Whatever precedes the line containing "Bangladesh: Looking Beyond Garments" is not copied; that line and every line after it through the final one below are copied exactly, except pictures.

--- Raw data ---

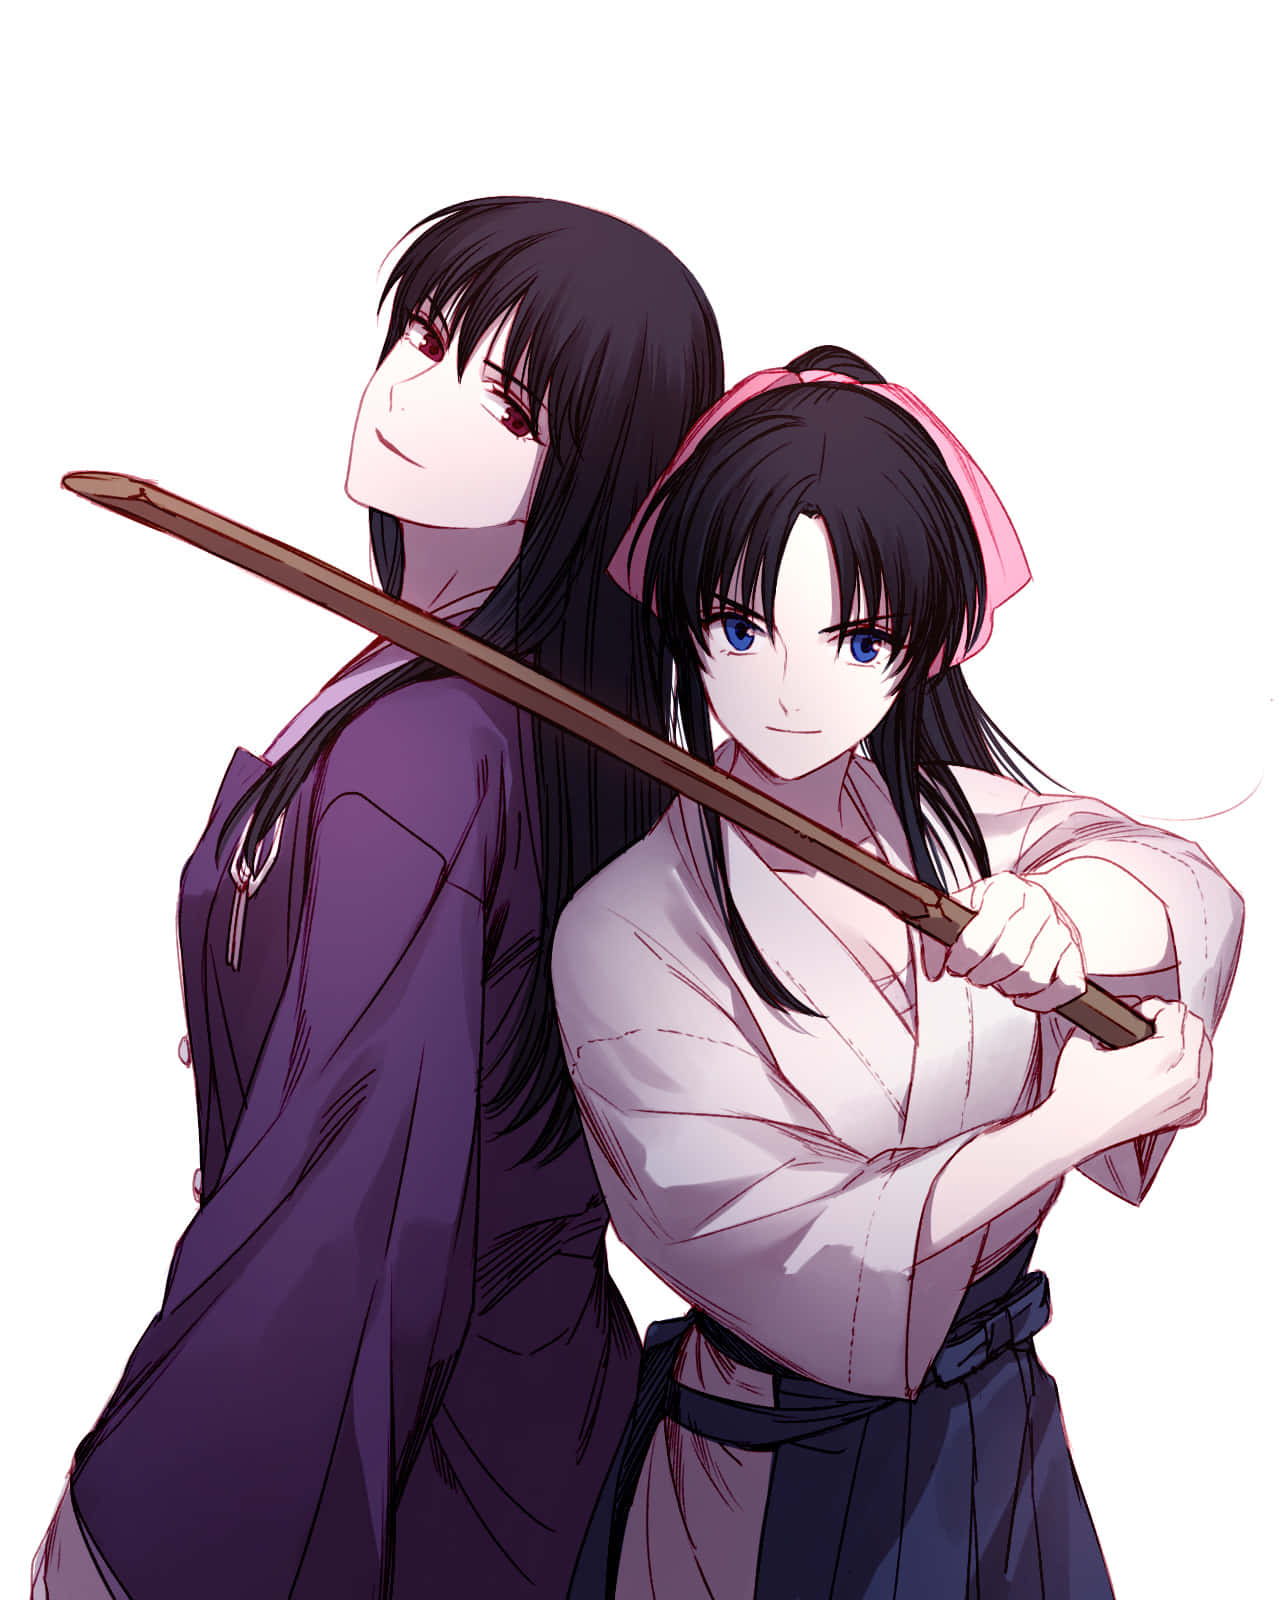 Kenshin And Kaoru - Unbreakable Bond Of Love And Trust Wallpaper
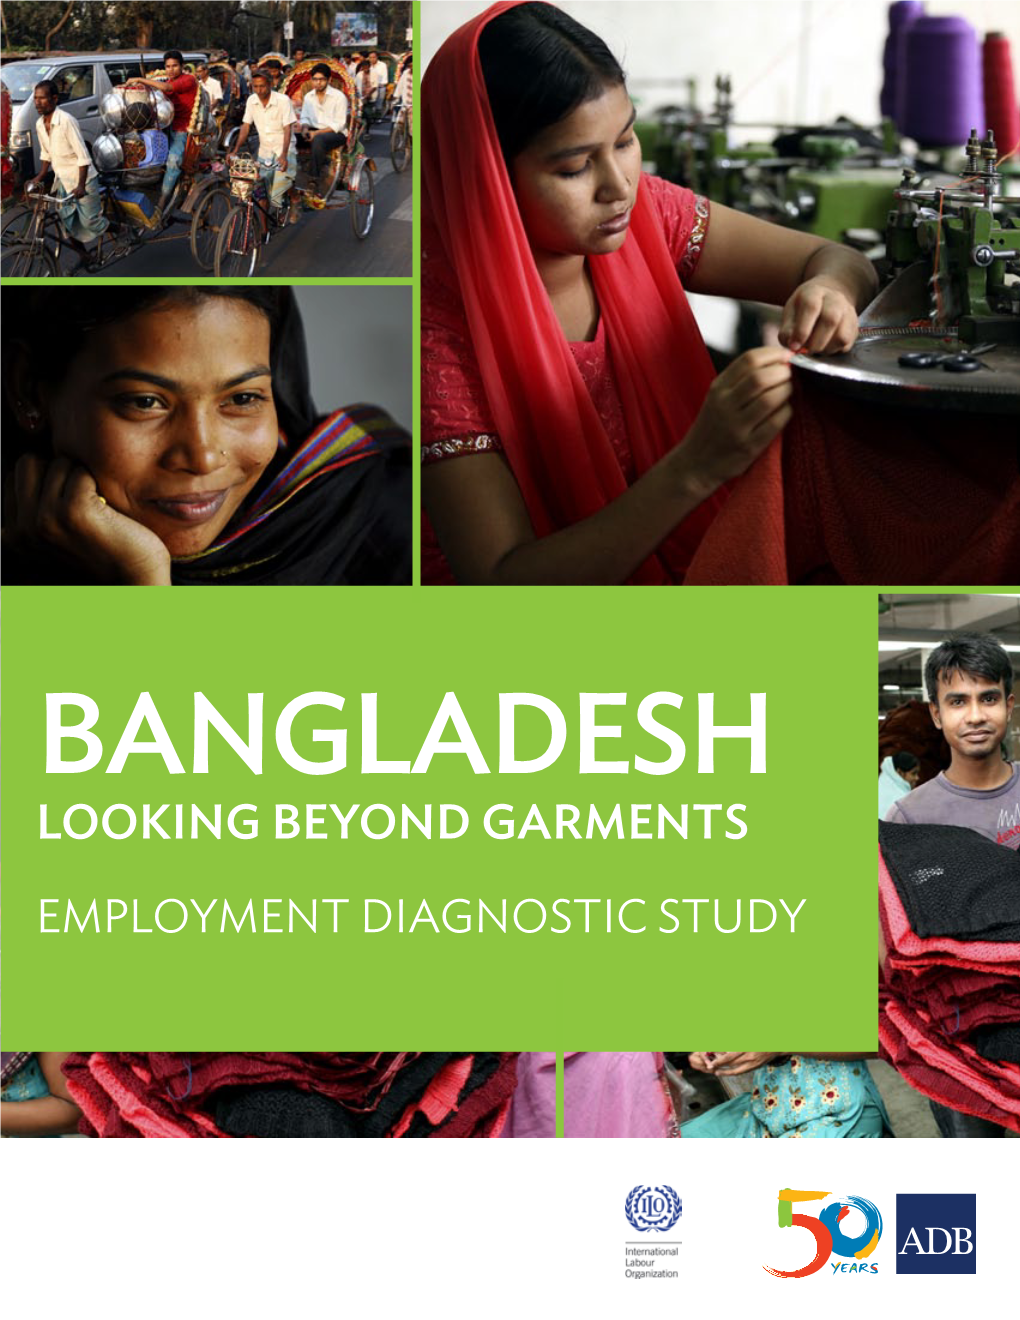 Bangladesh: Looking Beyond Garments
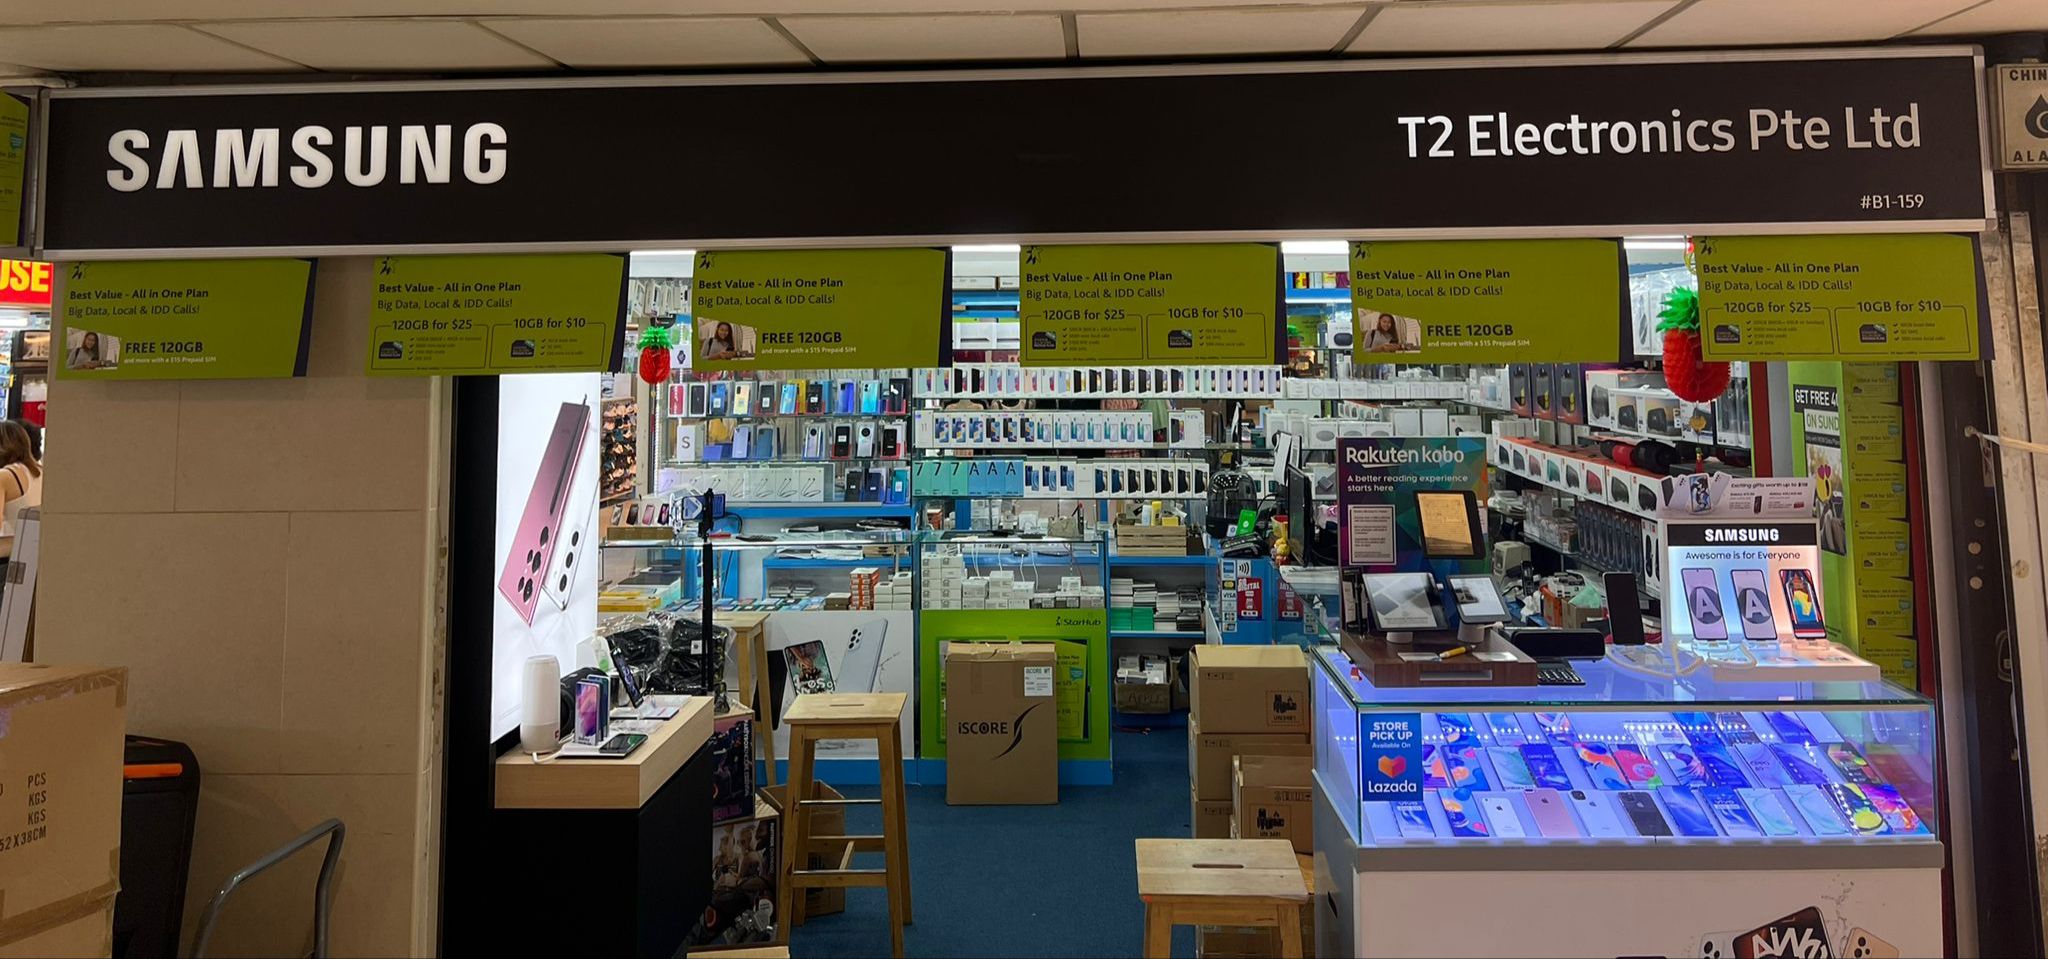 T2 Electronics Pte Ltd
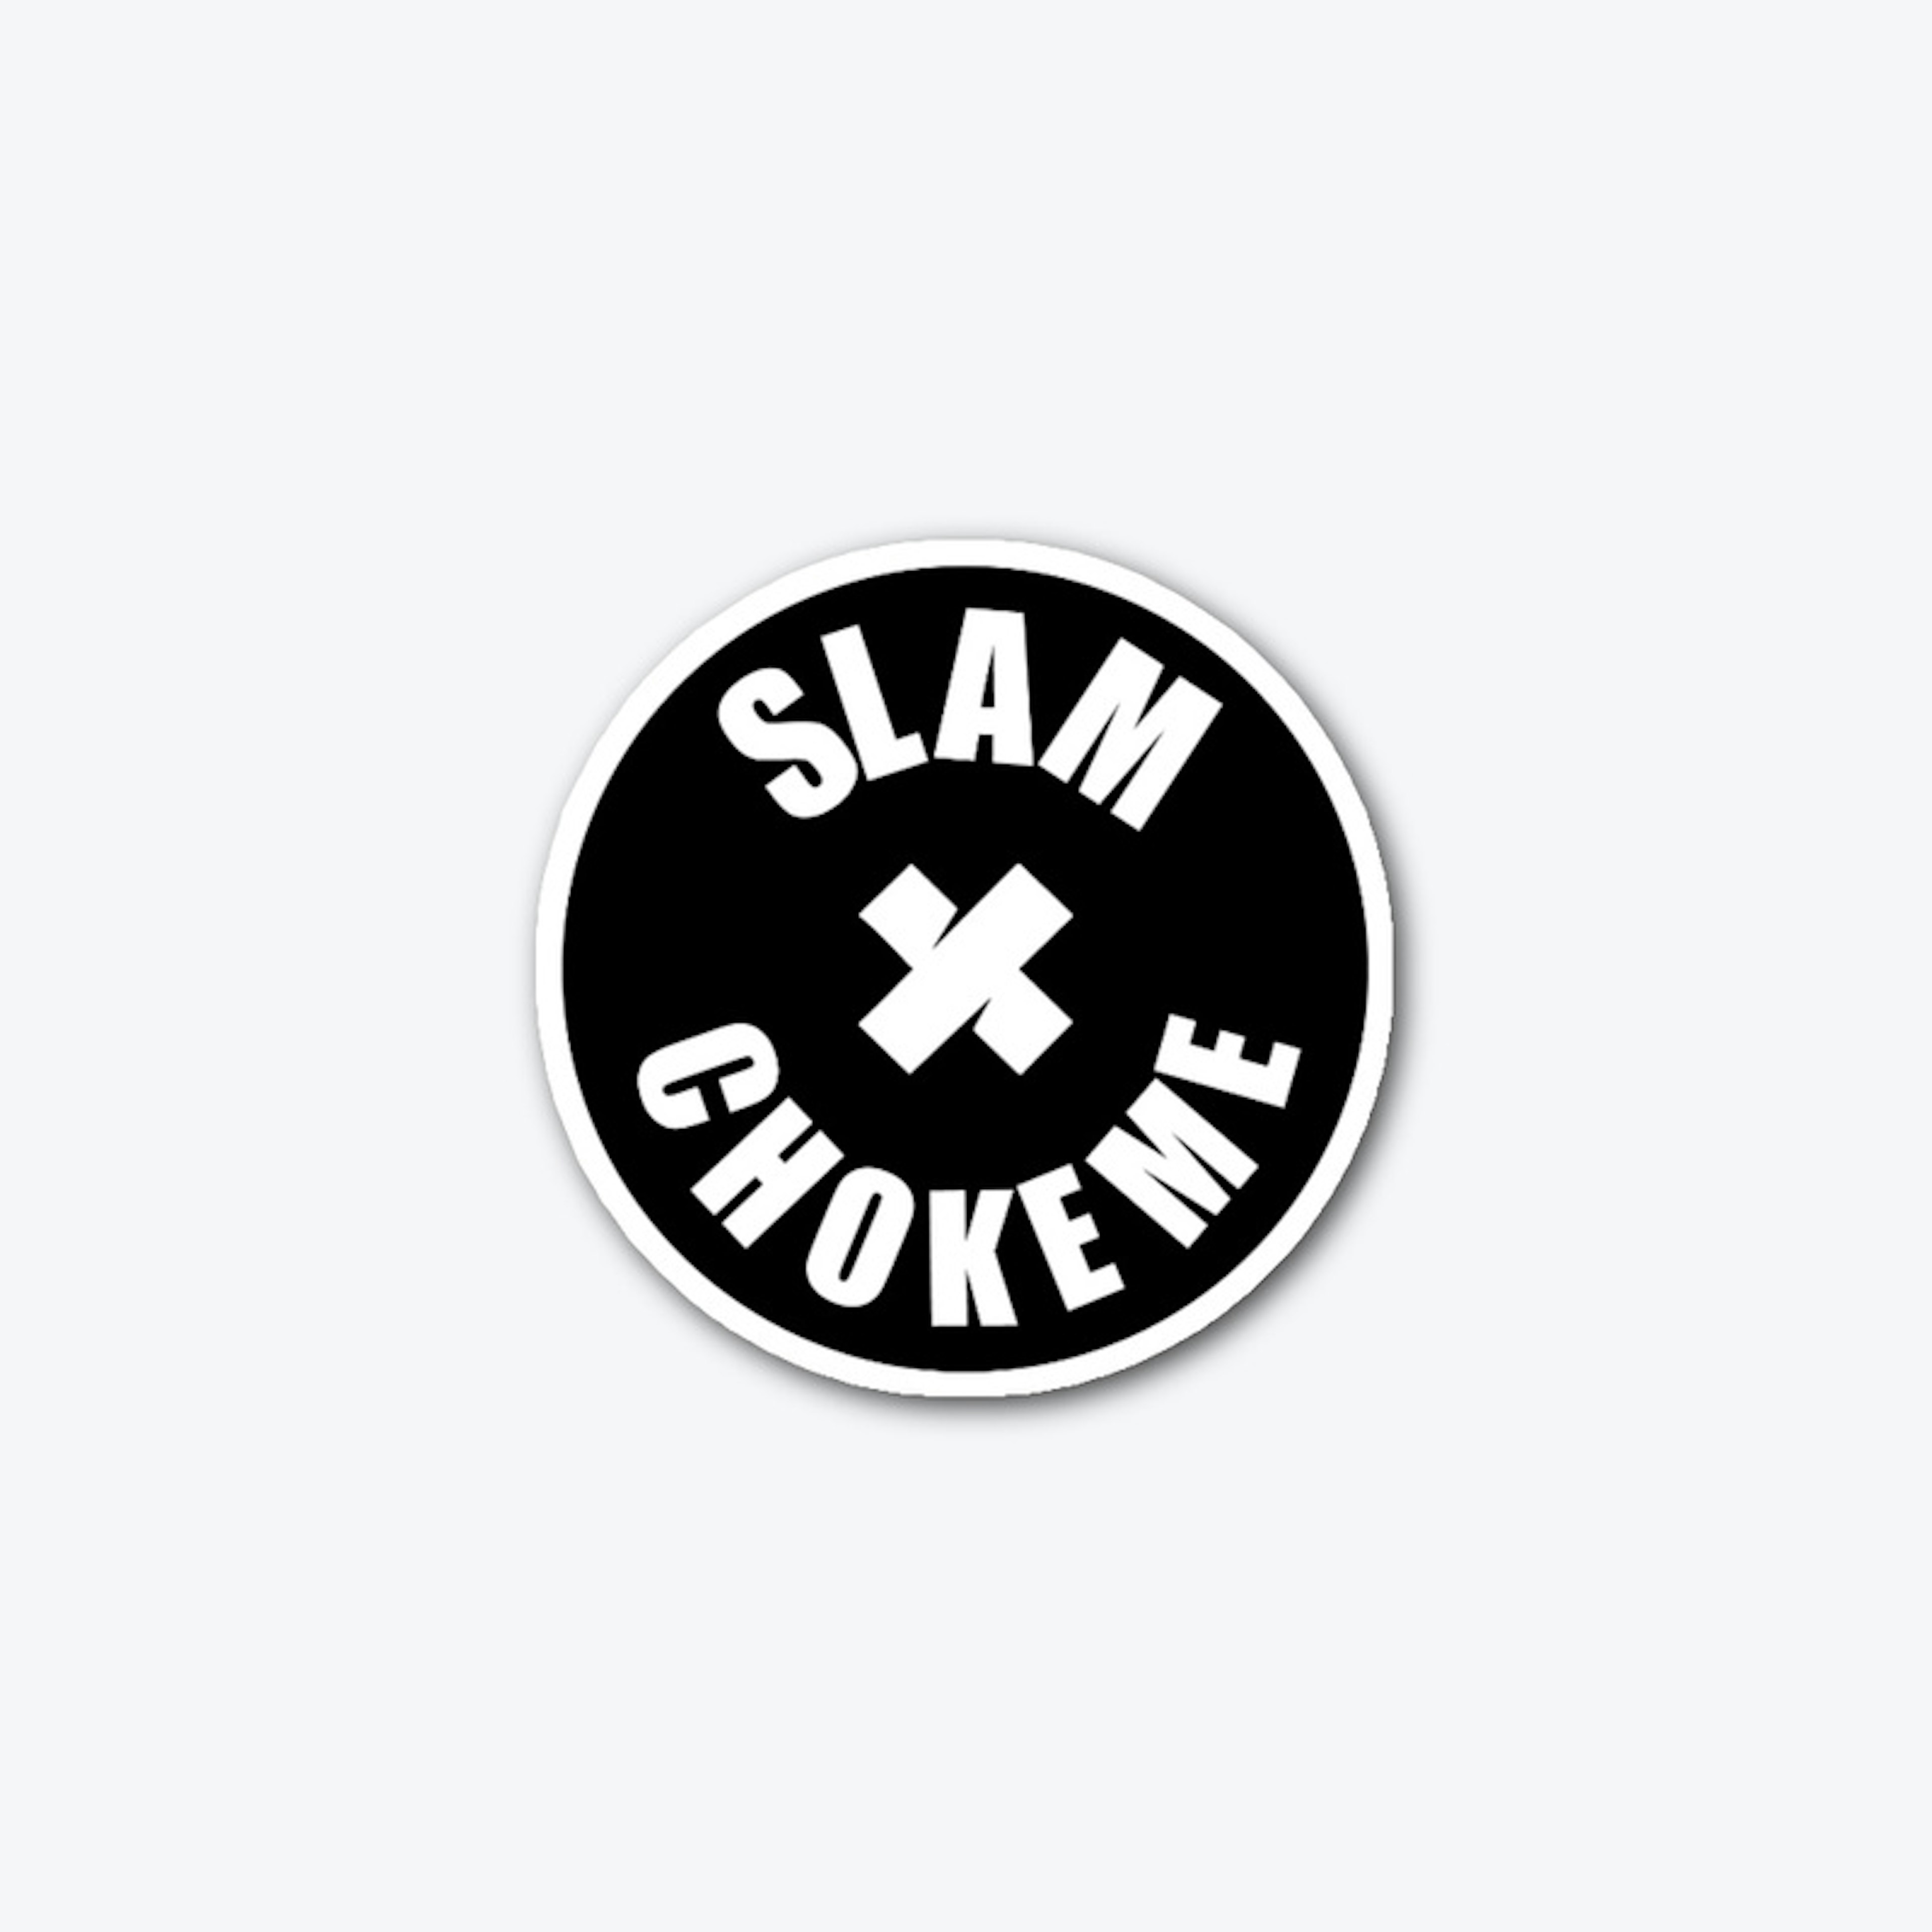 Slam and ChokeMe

---

### Completed exercise
 Bangladesh: Looking Beyond Garments
 T2 Electronics Pte Ltd
 Slam and ChokeMe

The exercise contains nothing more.